Segment Open

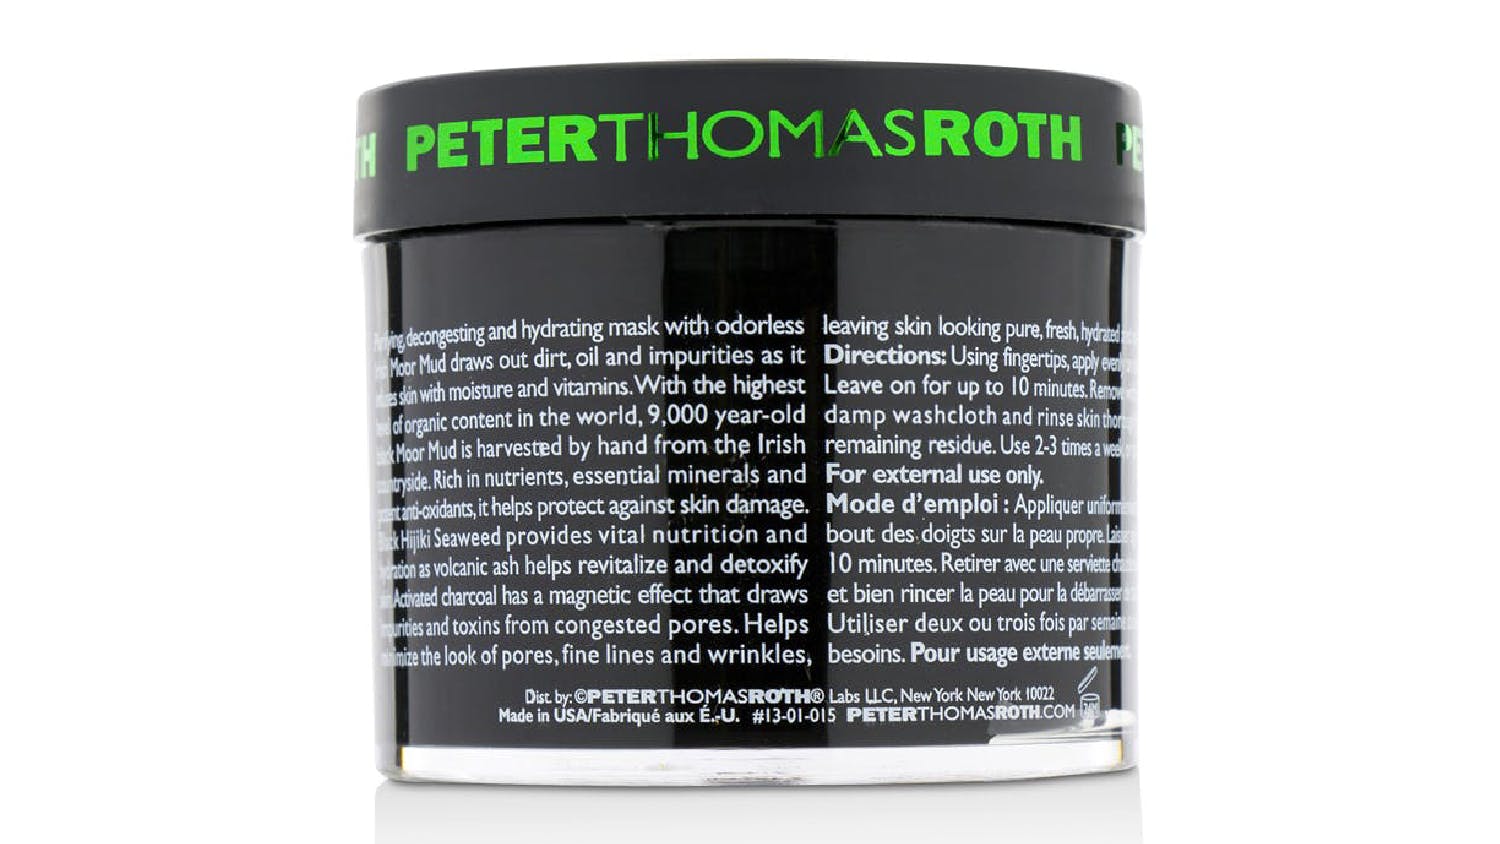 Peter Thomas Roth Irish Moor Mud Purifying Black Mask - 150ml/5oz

Segment Closed
Segment Open

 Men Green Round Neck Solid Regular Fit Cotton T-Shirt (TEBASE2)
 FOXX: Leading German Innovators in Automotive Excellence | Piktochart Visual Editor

Segment Closed

== PROBLEM DETAILS ==
Referring to the material above, set down exactly the lines between the line with "Men Green Round" and the line with "FOXX: Leading German", inclusive, and no other lines.

== SOLUTION TO THIS TASK ==
 Men Green Round Neck Solid Regular Fit Cotton T-Shirt (TEBASE2)
 FOXX: Leading German Innovators in Automotive Excellence | Piktochart Visual Editor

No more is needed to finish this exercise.